Галина Маневич, вдова художника, в воспоминаниях писала, что многие усматривали связь между светлым колоритом ранних фигуративных работ Штейнберга и тональностью произведений Вейсберга. Помнится, у меня были сходные ассоциации.
Проблема «белого» была весьма актуальна в 60–70-е годы для неофициальных художников: работы Владимира Вейсберга и Эдуарда Штейнберга, картины «Портрет Севы Некрасова», «Брежнев в Крыму», первый вариант «Живу-вижу» Эрика Булатова, альбомы Ильи Кабакова.

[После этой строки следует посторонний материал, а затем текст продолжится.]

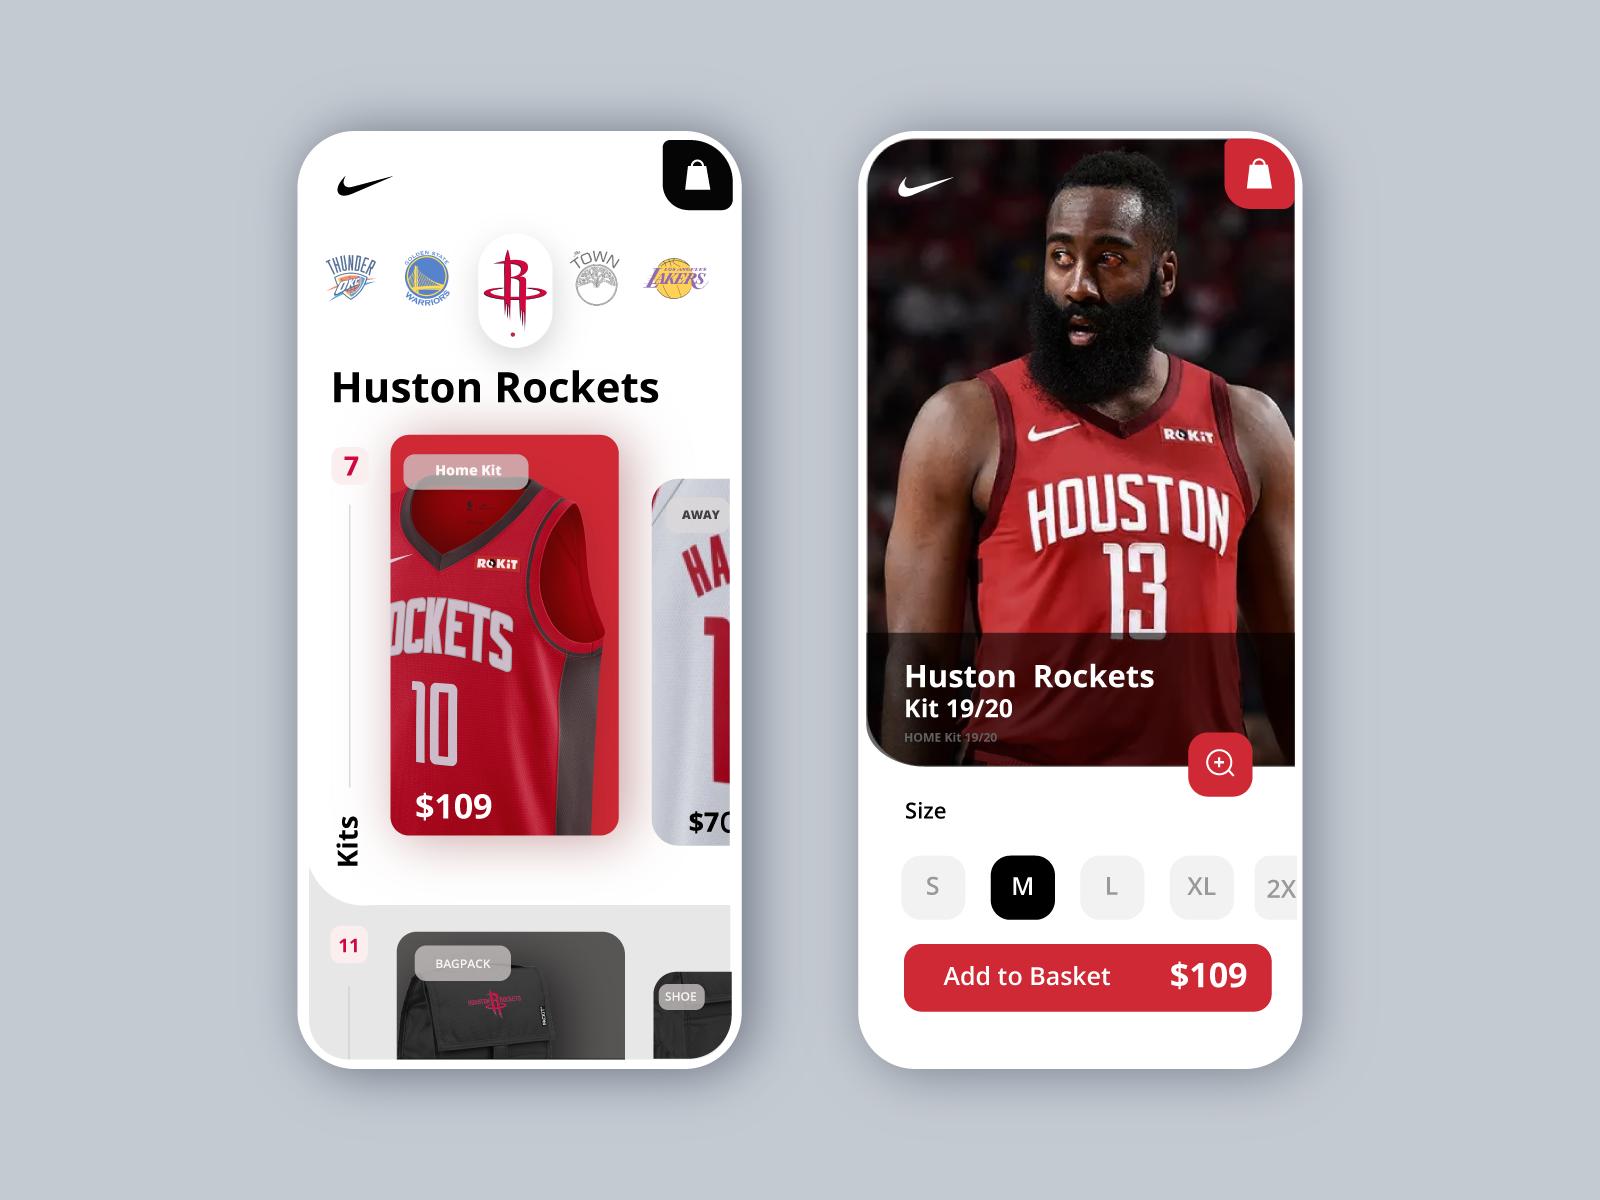 Al borde Habitar Asesorar  NBA - Nike - Shop App by Ikako Talavadze on Dribbble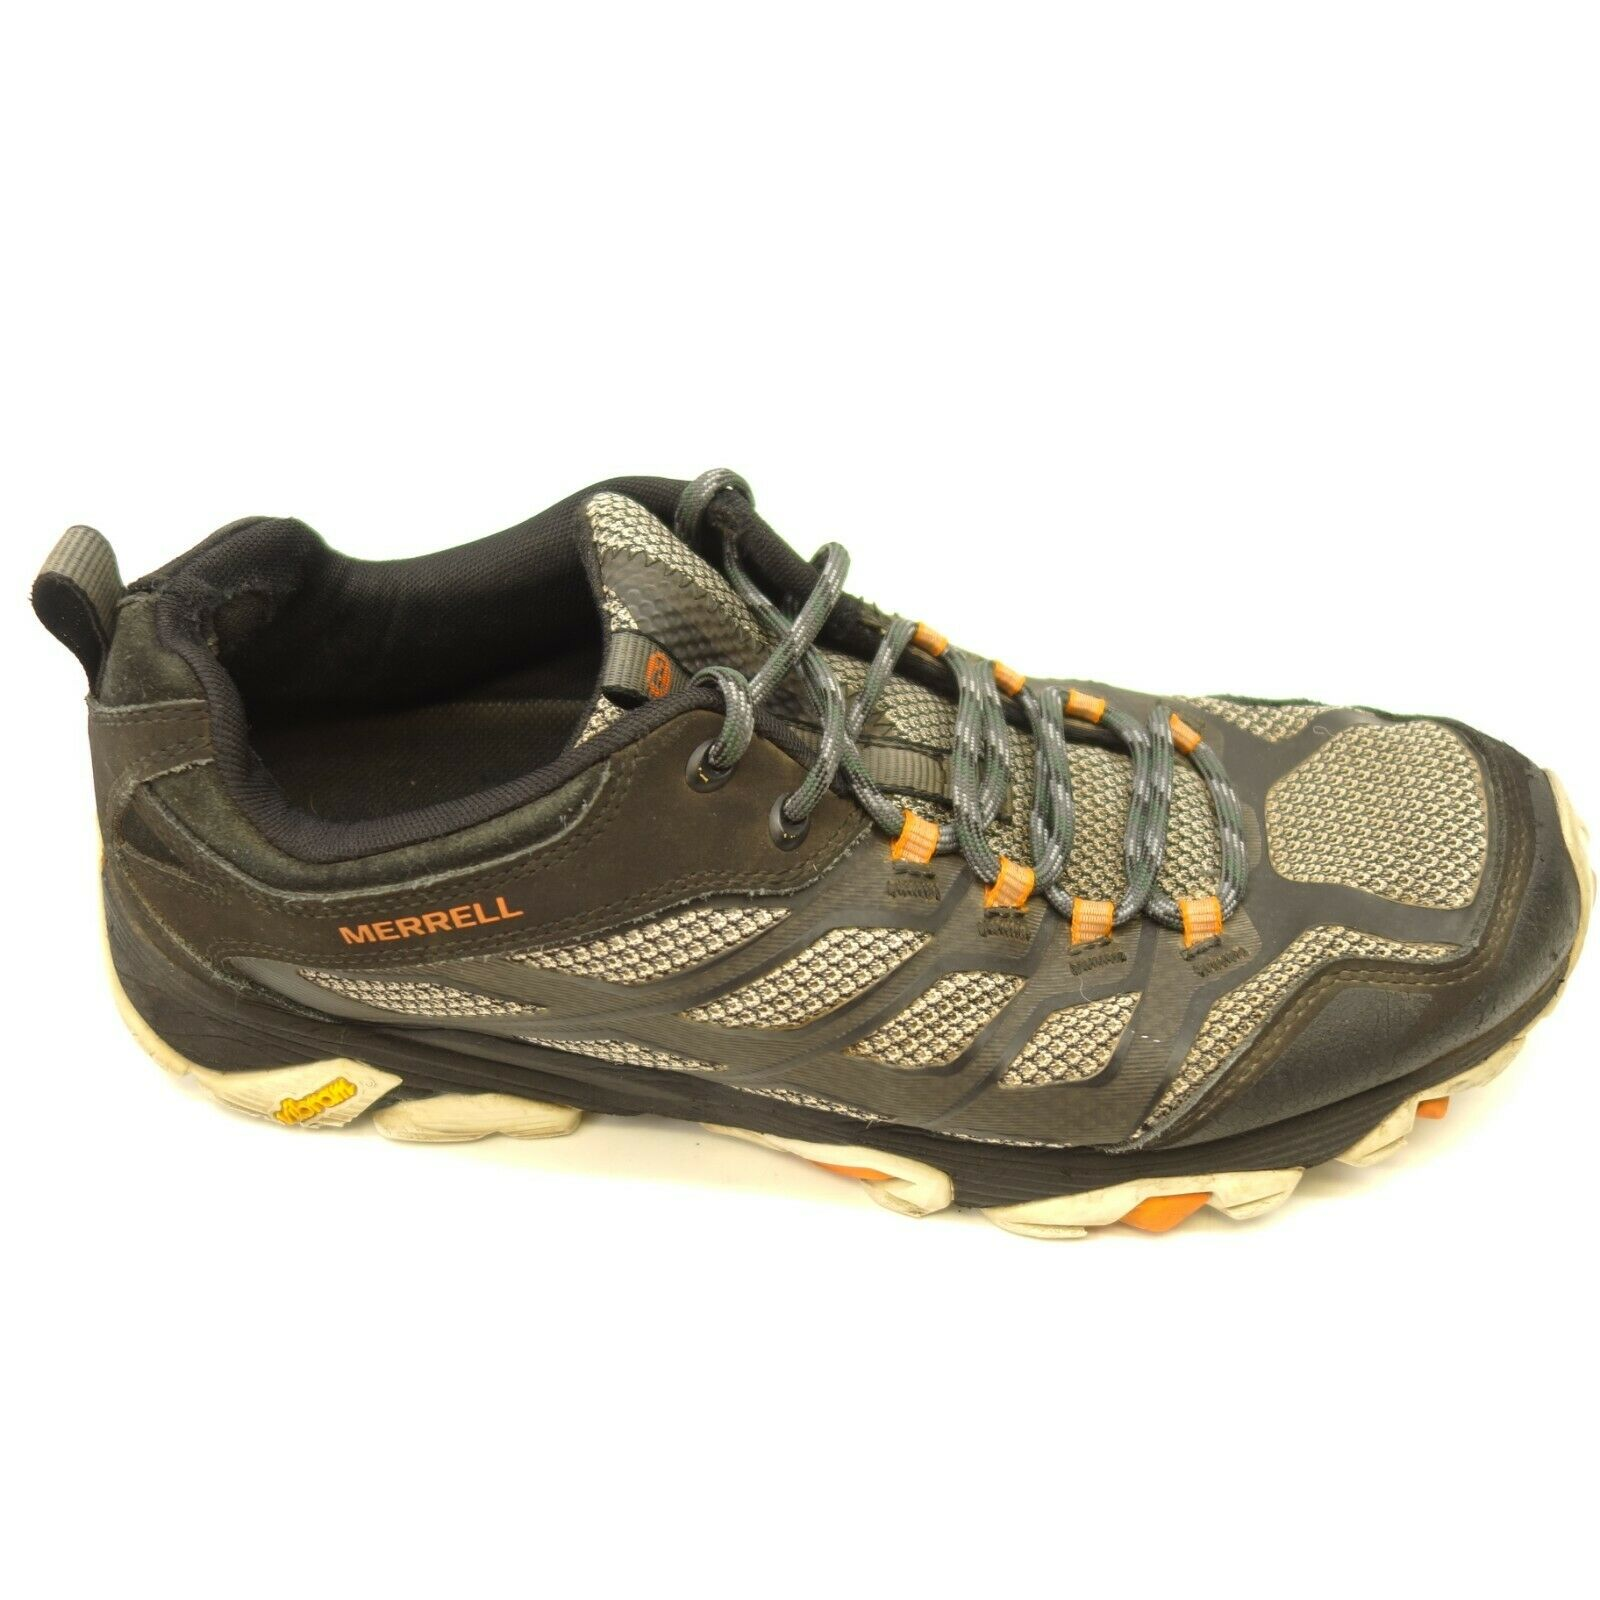 Merrell Moab FST bajo US 11 senderismo montaña trail para hombre Zapatos Atléticos

Следует также вспомнить оказавшего влияние на многих, популярного в то время в московской художественной среде итальянского художника Джорджо Моранди. Именно оттенки Моранди играют в абстрактной живописи Штейнберга 70–80-х.
Далее след ведет к «белому на белом» Казимира Малевича.
Ну а если приглядеться внимательнее, мы увидим и у Штейнберга, и у Вейсберга, и у Моранди, и у Малевича, как отблеск далекой звезды, ясный свет фресок Пьеро делла Франческа.
* * *
В своем программном тексте «Письмо К. С. Малевичу» Штейнберг позиционирует свое творчество как постоянный диалог (вернее было бы сказать: монолог) с мэтром: «С тех пор диалог с Вами почти не прекращался. Вправе ли я на него рассчитывать?»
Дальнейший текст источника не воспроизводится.